Novel Computational Methods to Predict Drug–target Interactions Using Graph Mining and Machine Learning Approaches

Overview

Abstract

Computational drug repurposing aims at finding new medical uses for existing drugs. The identification of novel drug-target interactions (DTIs) can be a useful part of such a task. Finding computationally DTIs is a convenient strategy to identify potentially new DTIs at low cost with reasonable accuracy. However, the current DTI prediction methods suffer a high false positive prediction rate.

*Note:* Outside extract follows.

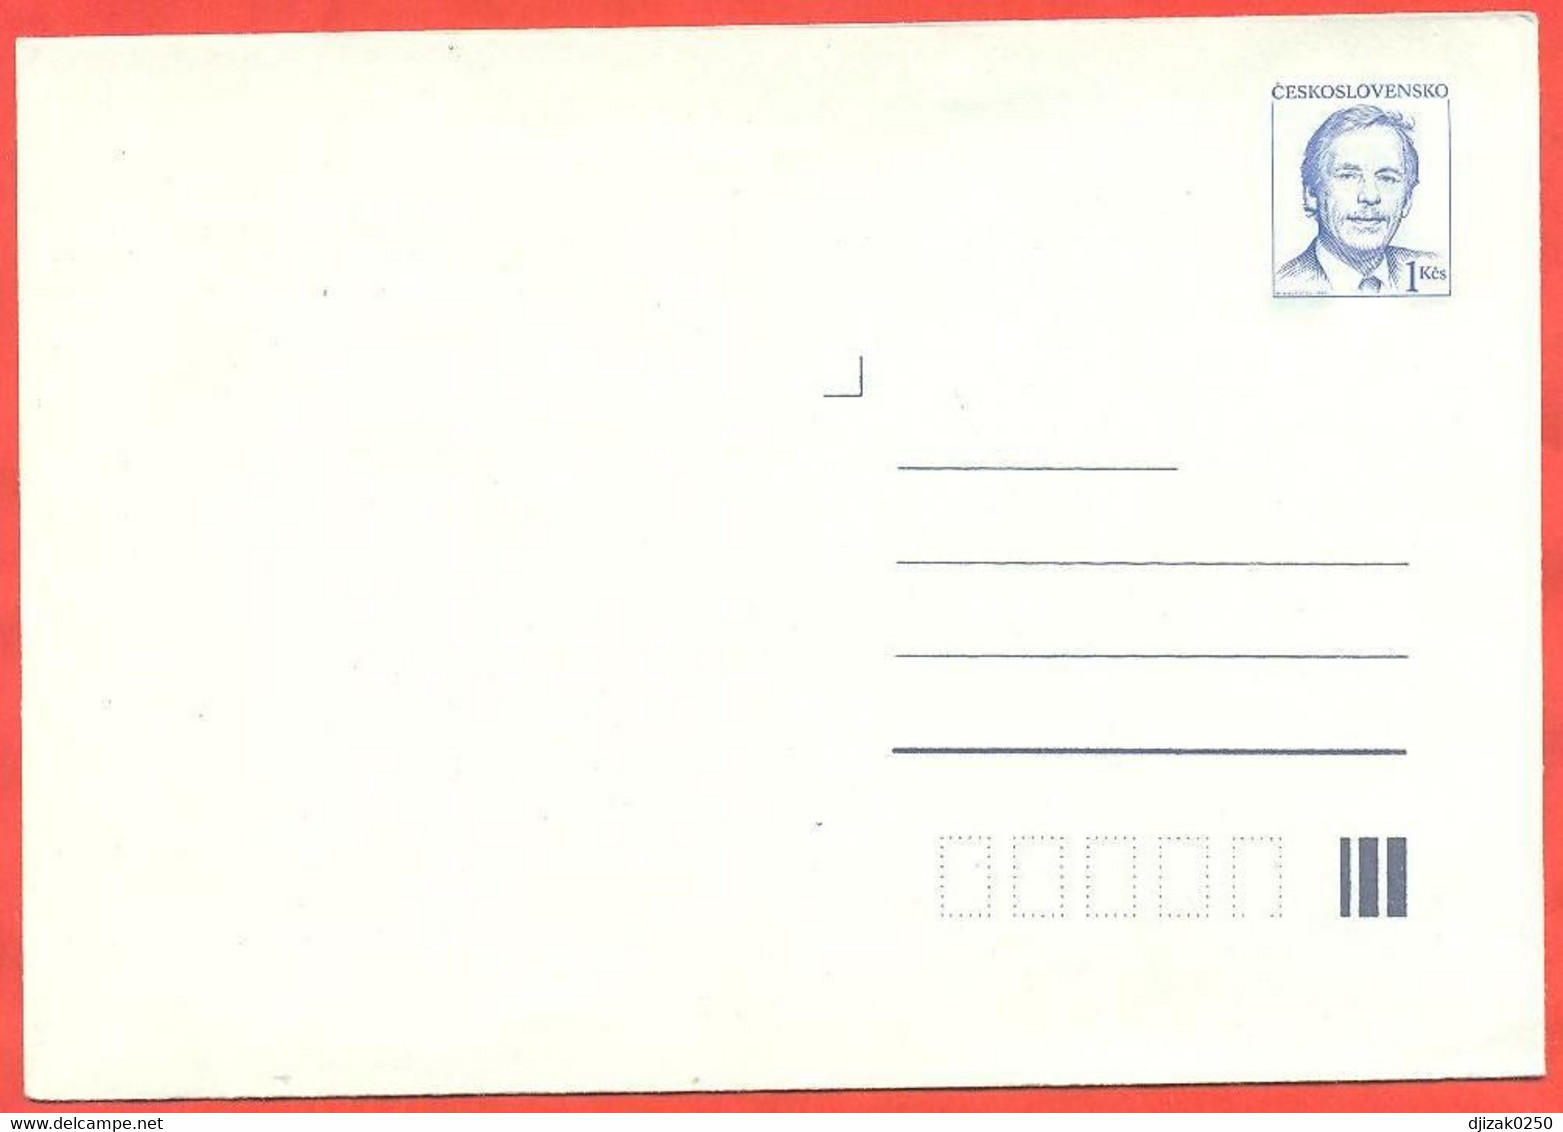 Czechoslovakia 1990. The Envelope With Printed Stamp. Unused. - Briefe

Here, we present a comprehensive review of the recent progress in the field of DTI prediction from data-centric and algorithmic-centric perspectives that can help in constructing novel reliable and efficient DTI methods. Further, we present DDR, a novel method that improves the DTI prediction accuracy. DDR achieves significantly more accurate results compared to state-of-the-art methods. Using independent sources of evidence, 22 out of the top 25 DDR novel predictions are validated as correct. This suggests that DDR can be used as an efficient method to identify correct DTIs. Finally, we present DDR-FE a novel method that predicts the effect that drugs exert on their targets. On different representative datasets, under various test setups, and using different performance measures, DDR-FE achieves excellent performance. Using a blind test dataset, 2,300 out of 3,076 DTIs effects predicted by DDR-FE are validated as correct. This suggests that DDR-FE can be used as an efficient method to identify the correct effect of a drug on its target.

Brief Biography

Rawan Olayan completed her B.S in Computer Science from King Abdulaziz University (KAU) in 2011 and M.S. in Computer Science from King Abdullah University of Science and Technology (KAUST) in 2012. Currently, she is a Ph.D. candidate in the Computational Bioscience Research Center in Prof. Vladimir Bajic's group at KAUST focusing on Bioinformatics, Data integration, Data mining, Graph mining, and Machine learning.